The presented conclusions are made on the basis of the results obtained in the section Materials and Methods lines 195-207 and the section Results p.2.2. Determination of fatty acid composition of membranes of native and frozen/thawed 249 spermatozoa lines 249-275.

 

NOTE (line 352) As the viability, activation, and swimming abilities of spermatozoa after freeze thaw as this final result of the process, there should be more on this. For instance, what are the typical values in other techniques, and importantly how do they relate to fertilisation success?

Answer.

Numerous studies, including those of our scientific group, have determined a positive relationship between an increase in the overall and progressive motility of rooster spermatozoa with their fertility. Therefore, in this study, we did not set ourselves the task of determining fertility and limited ourselves to determining the parameters of sperm motility.

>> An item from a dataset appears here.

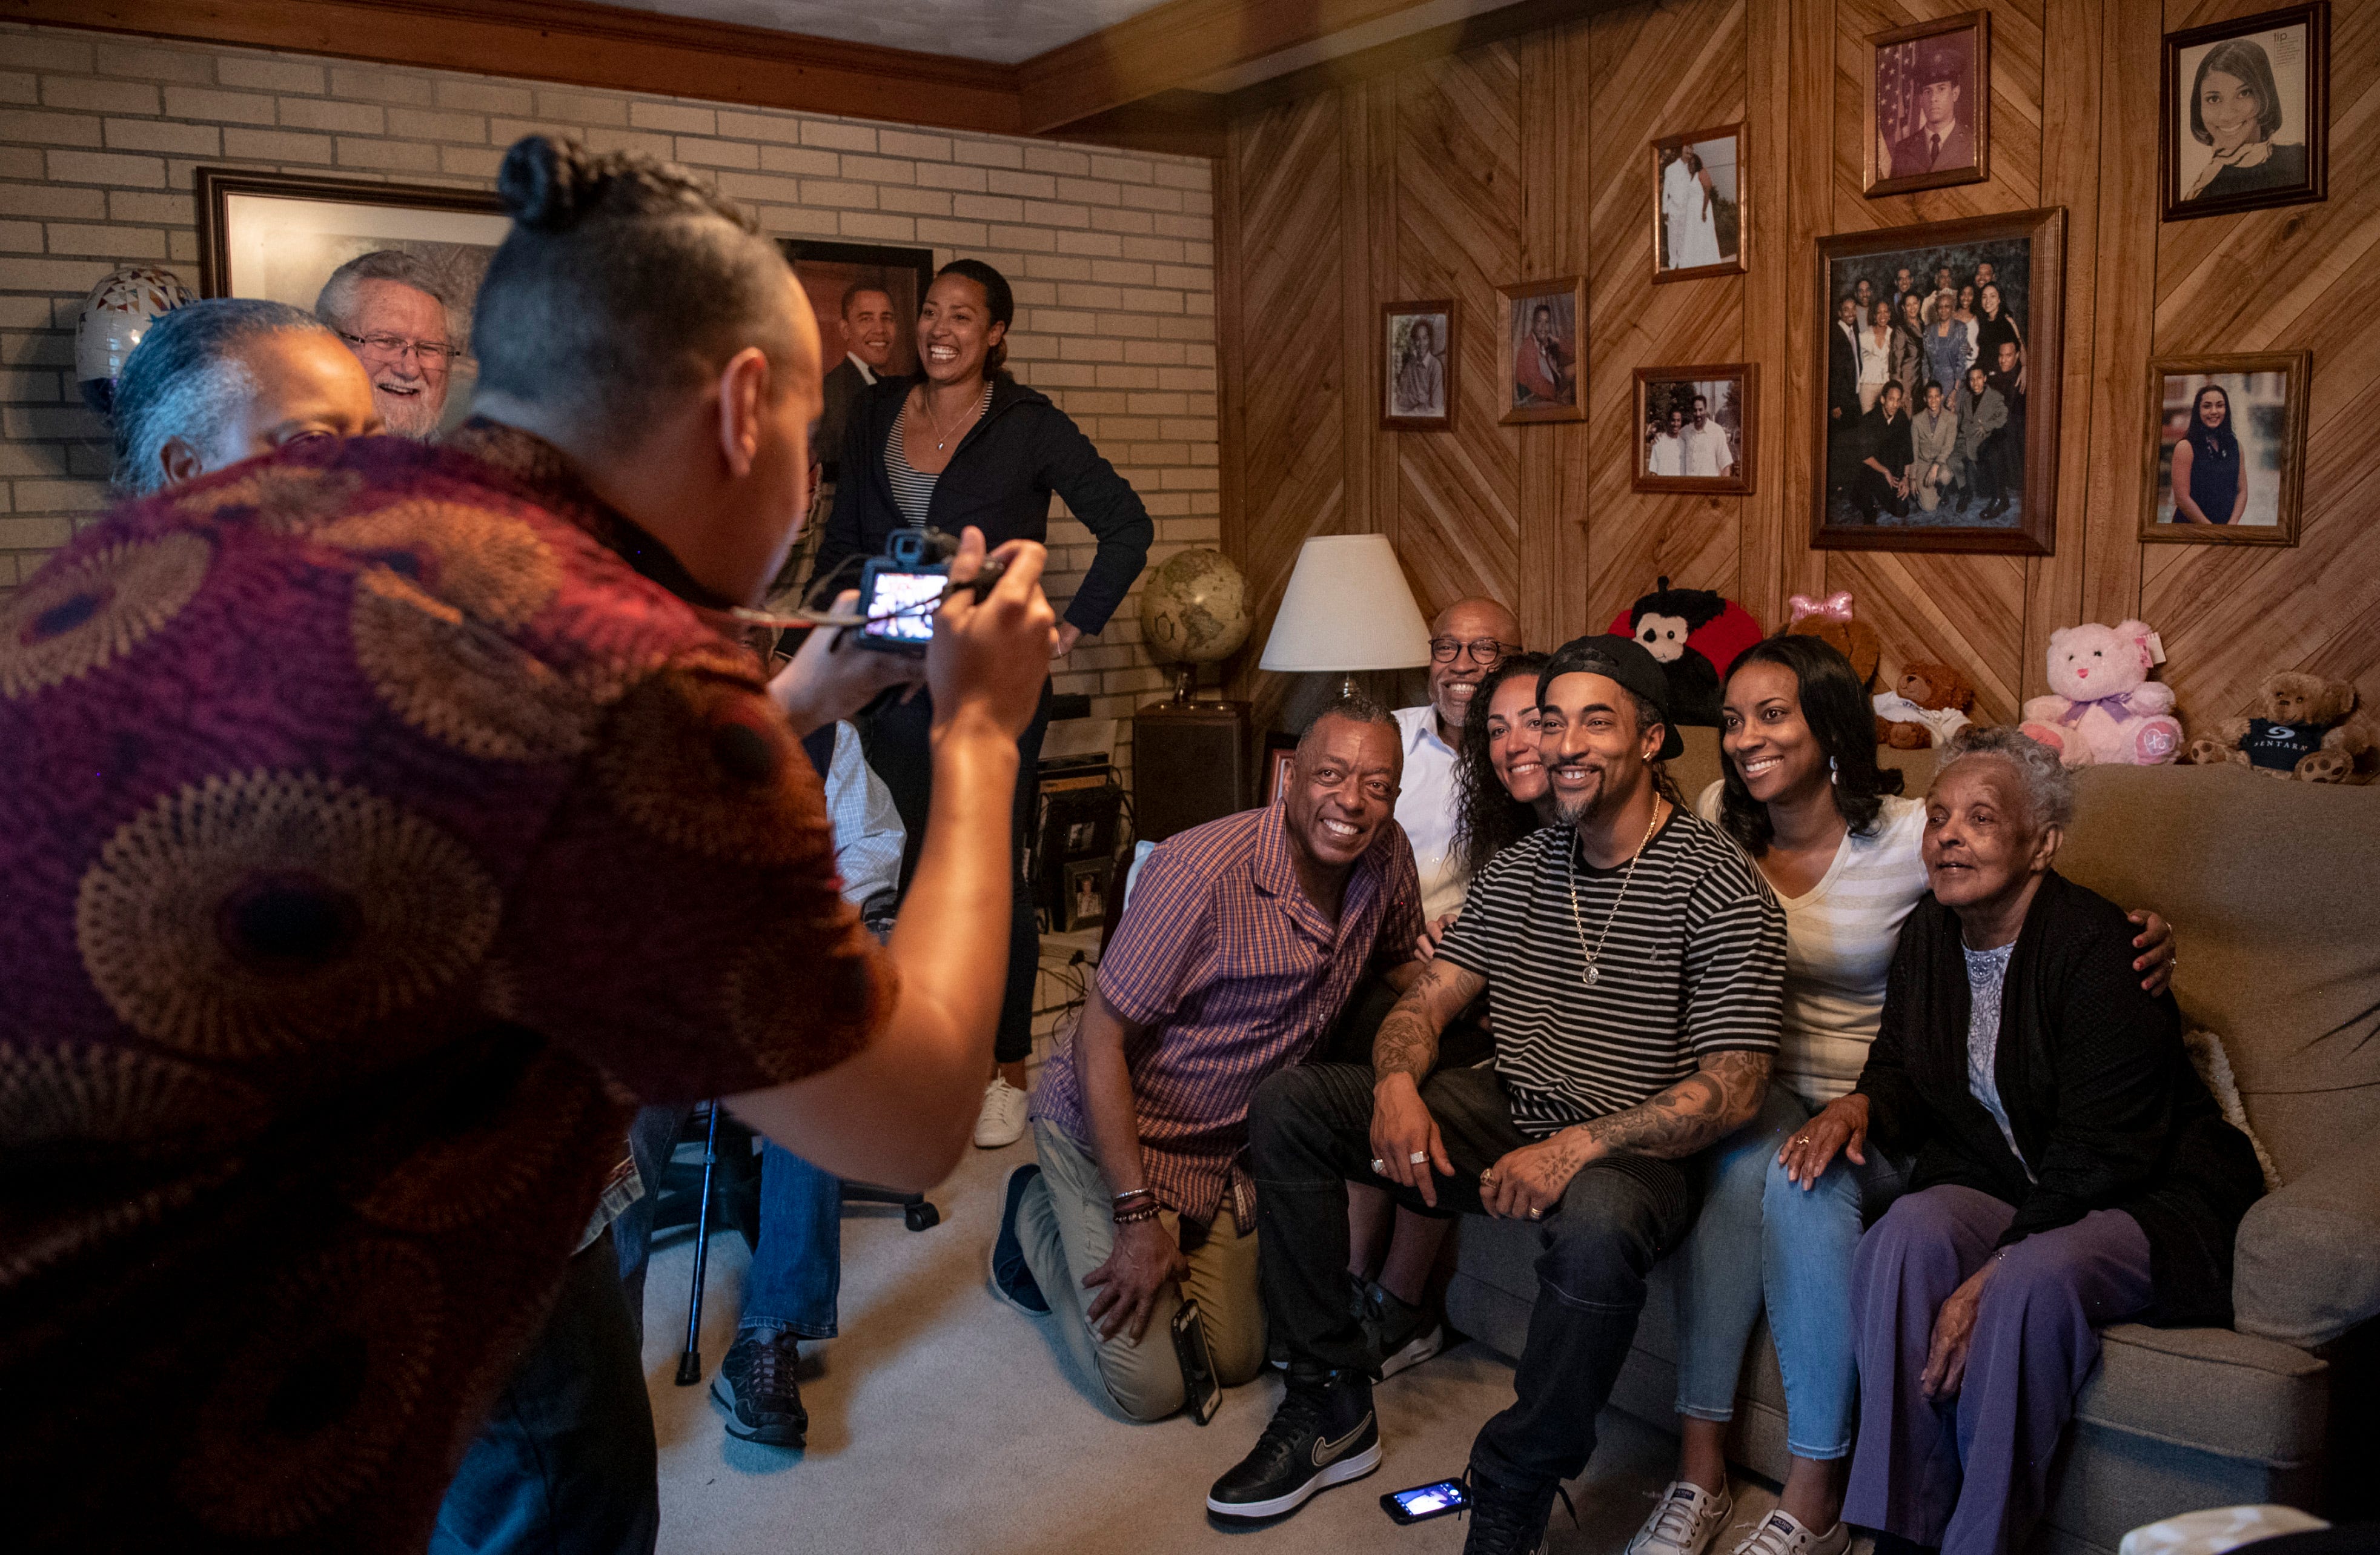 The Tucker family gather for photos during the 88th birthday of Carol Tucker Jones in Hampton, Va. on Sunday, March 31, 2019.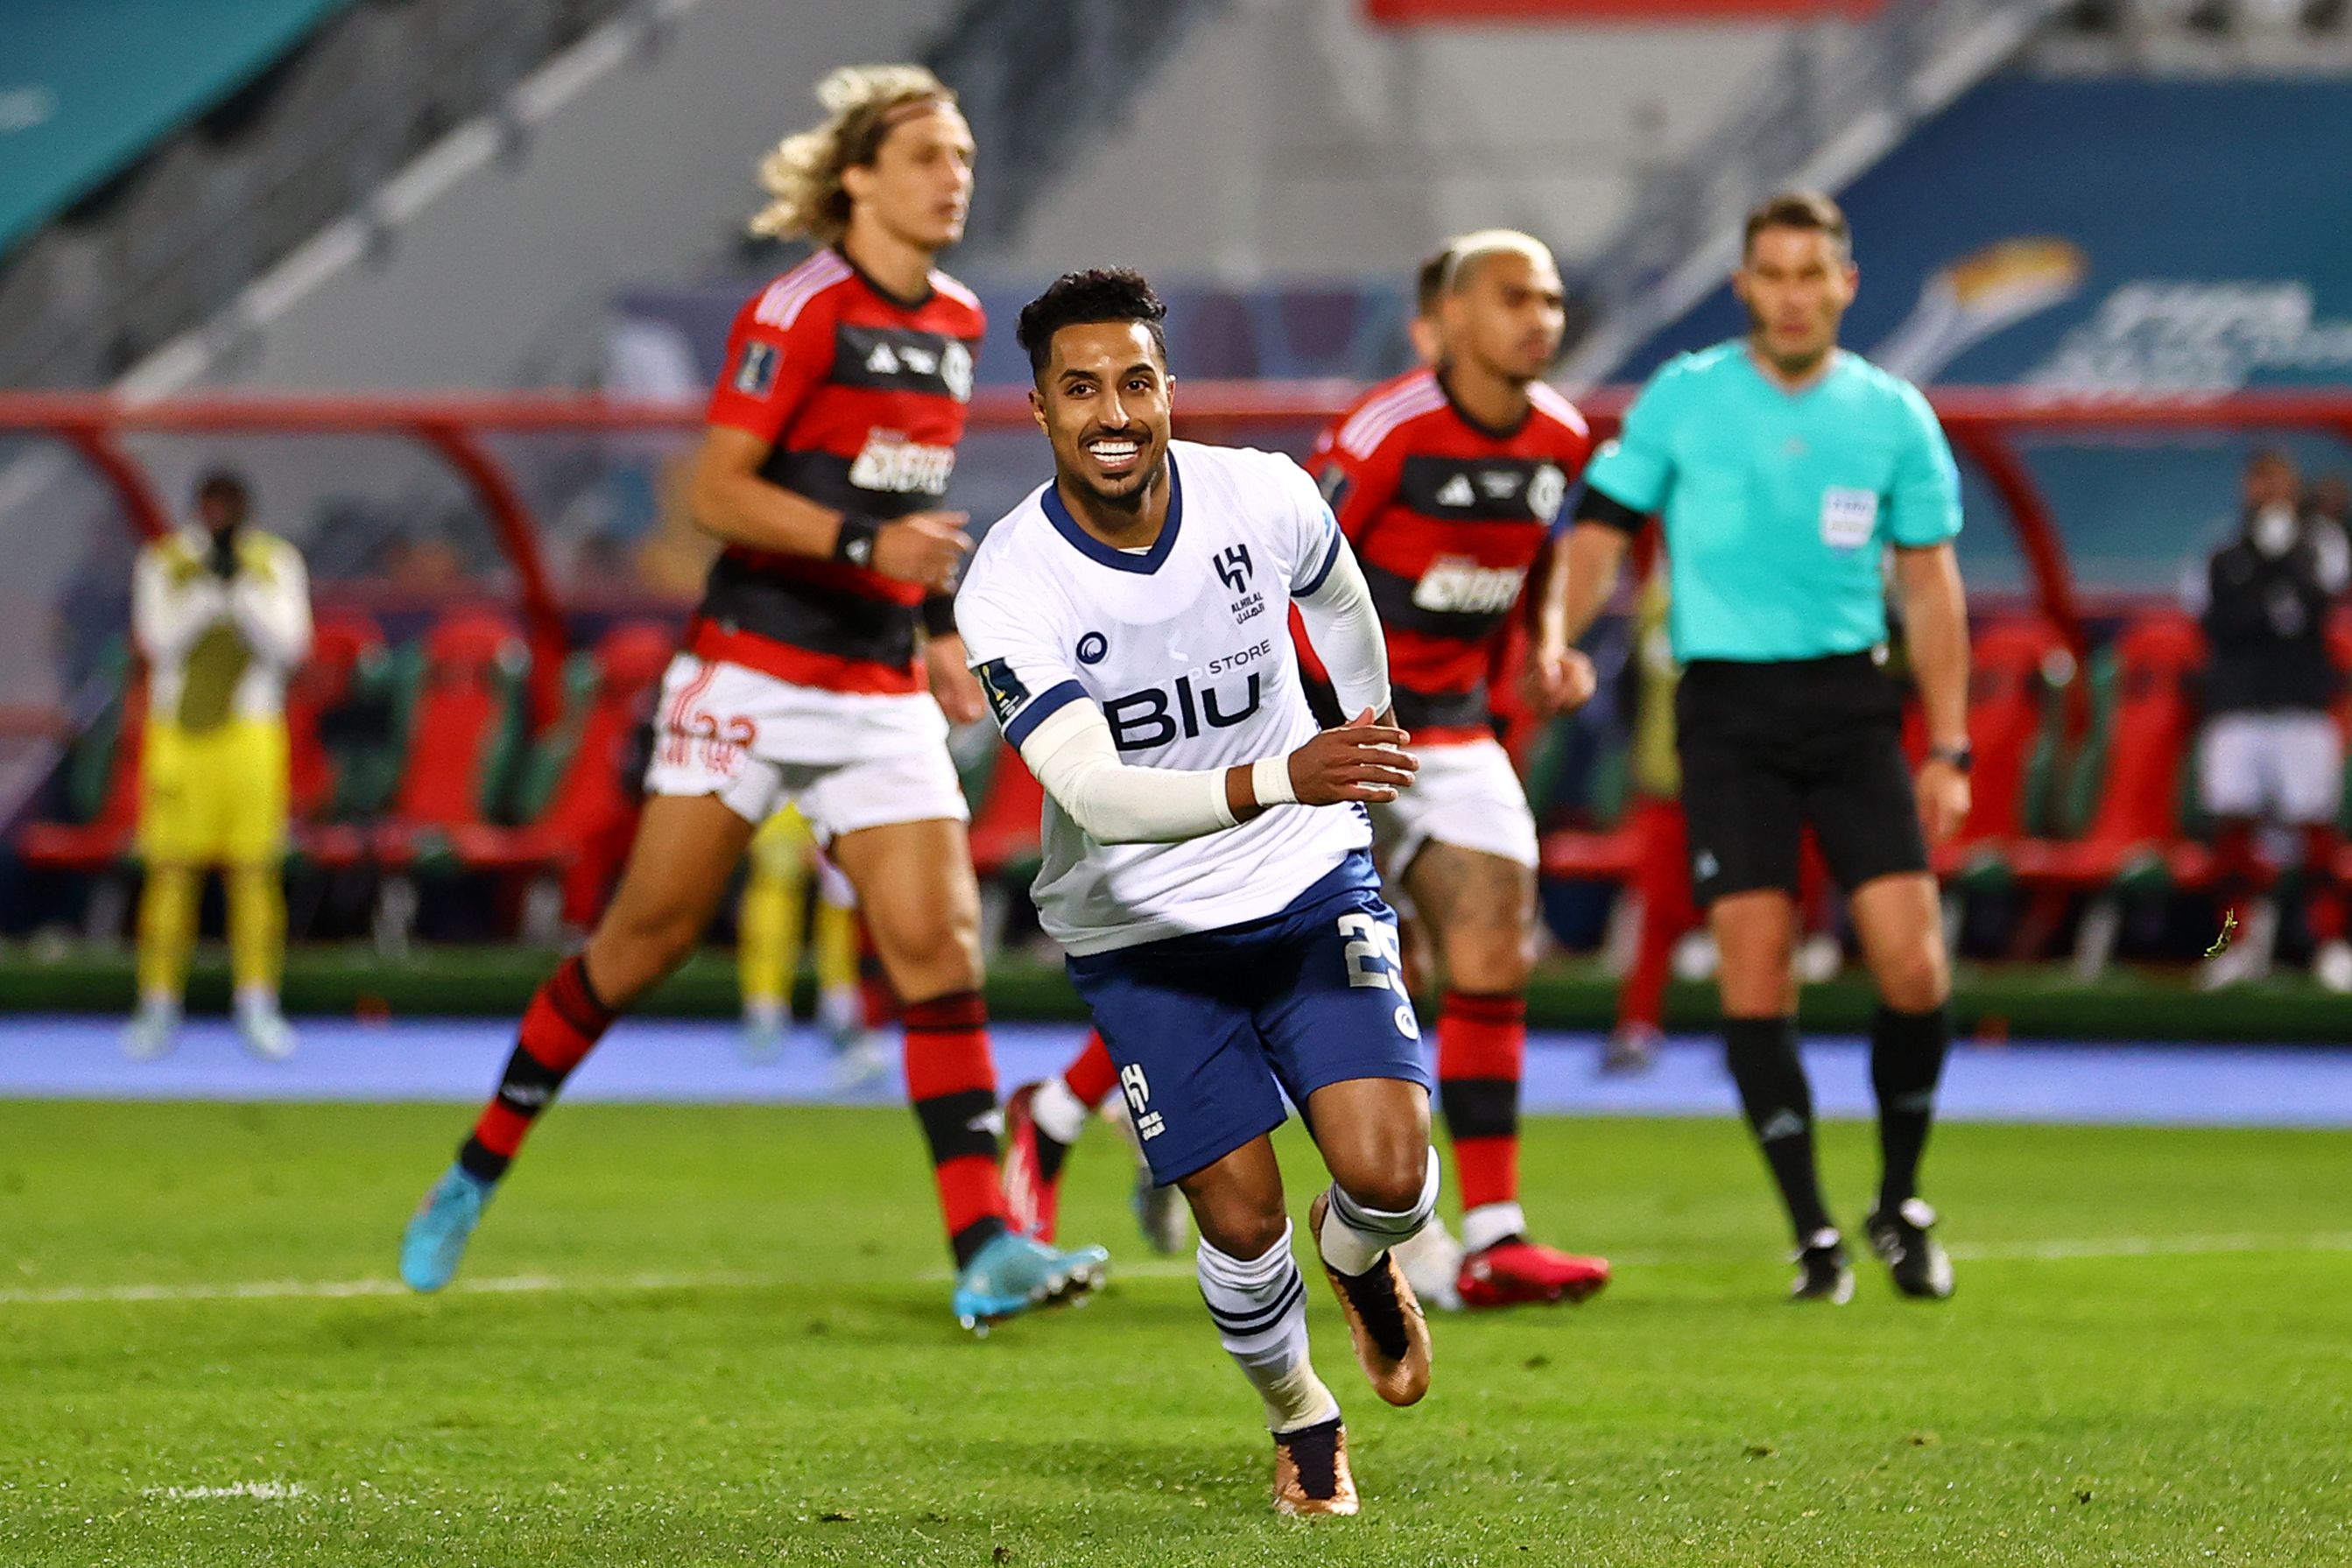 Al Hilal shock Flamengo with 3-2 win in Club World Cup semifinal | CNN

Changes have been made to the text of the article.

Author Response File: Author Response.docx

Round 2

Reviewer 1 Report

 

This reviewer understands the constraints associated with sample collection from animals.

However, the assessment of the scientific soundness of this manuscript needs to be based on the presented result. This paper is based on one key experiment, i.e. the measurement of membrane lipid composition after treatment with different media and freeze/thaw cycles. The measured compositions are relatively similar and don’t follow clear trends, i.e. the effects of 20% and 30% trehalose are often in the opposite direction and the same goes for treatments with the same medium with and without freeze/thaw. It is thus absolutely essential to have repeated measurements and appropriate statistical tests to validate any conclusions drawn from this measurement.